Are you still on PyTorch v1.12 or 1.11?

Ken1256 commented 2 years ago

On PyTorch v1.11.

alihassanijr commented 2 years ago

Can you clear your compilation cache and try again? I just tried a fresh compile and it works out fine on multiple set ups on my end. I'm not sure where the cache would be on Windows, on linux it's $HOME/.cache/torch_extensions. Could you also confirm you're on the latest commit?

Ken1256 commented 2 years ago

After clearing the cache still build errors. Did you tested on Windows? HAT v0.12 uses much less memory than HAT v0.11?

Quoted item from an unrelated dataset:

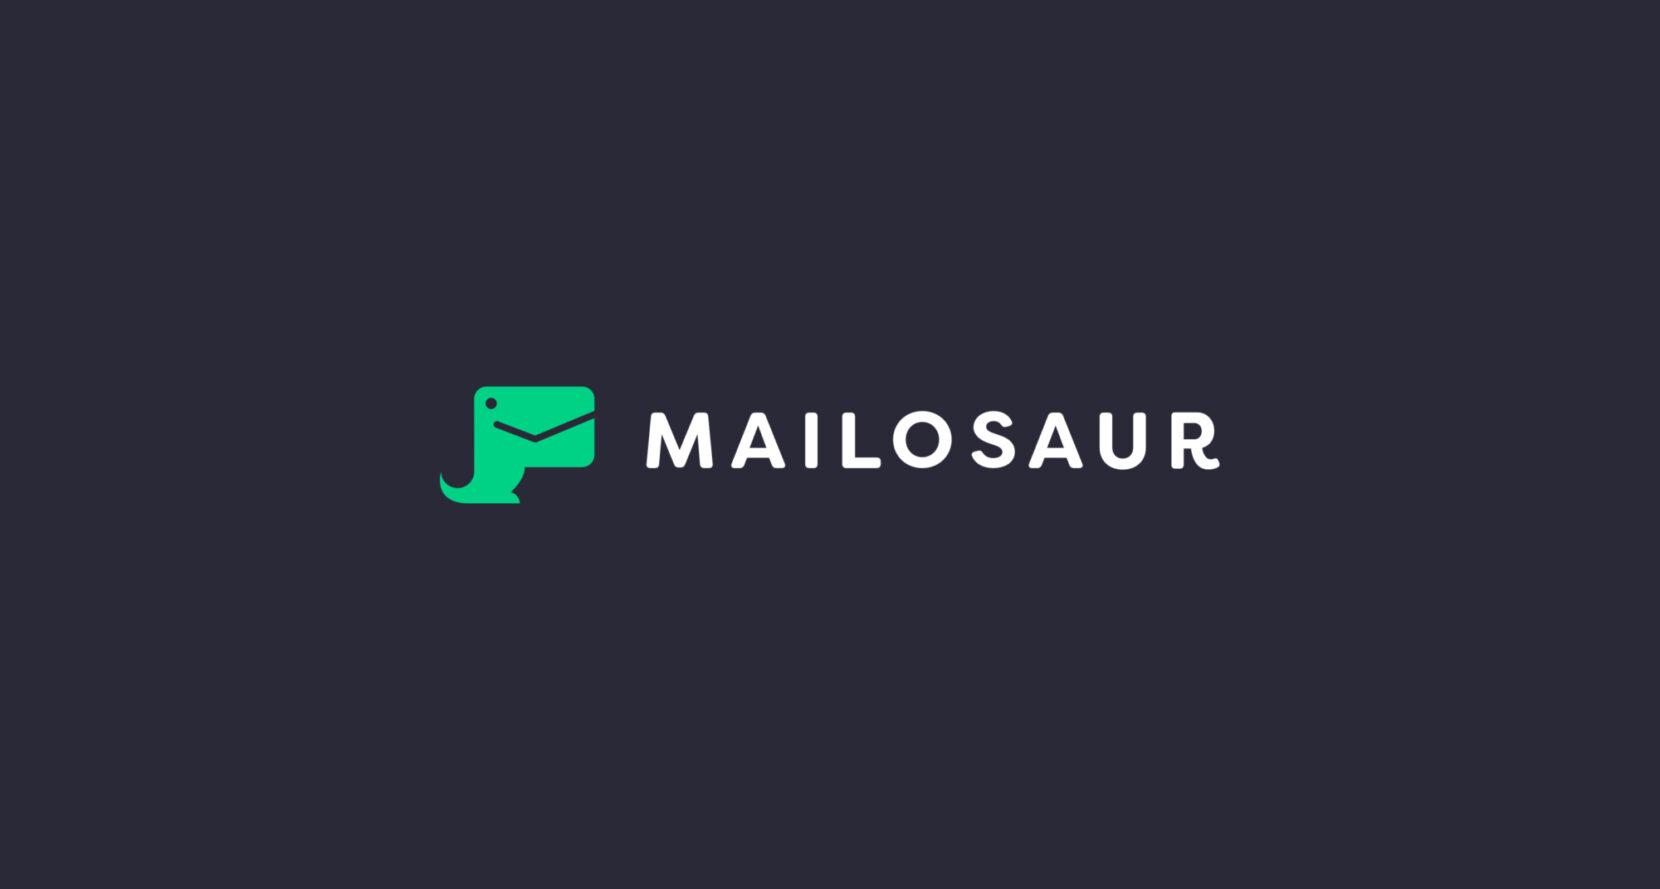 Mailosaur logo x2

alihassanijr commented 2 years ago

I'm sorry to hear that. Unfortunately no, we don't have a Windows environment, but the error is really strange. Based on the error you shared it's possible that the issue is: it's not loading a header file, which is new in v0.12. But from what I'm seeing it's probably an incompatibility somewhere in your environment (CUDA vs CUDA toolkit vs PyTorch version), that's resulting in the compilation error -- but again can't really say for certain with the information I have.

And no -- our NA extension just generally uses less memory than SWSA (I can get into details if you want), the memory usage hasn't changed in the new version. But our models will run a lot faster now with the new version basically.

3a1b2c3 commented 2 years ago

PyTorch 1.11 should work?

stevenwalton commented 2 years ago

Yes. 1.11 is the recommended version.

alihassanijr commented 1 year ago

Closing this due to inactivity. If you still have questions feel free to open it back up.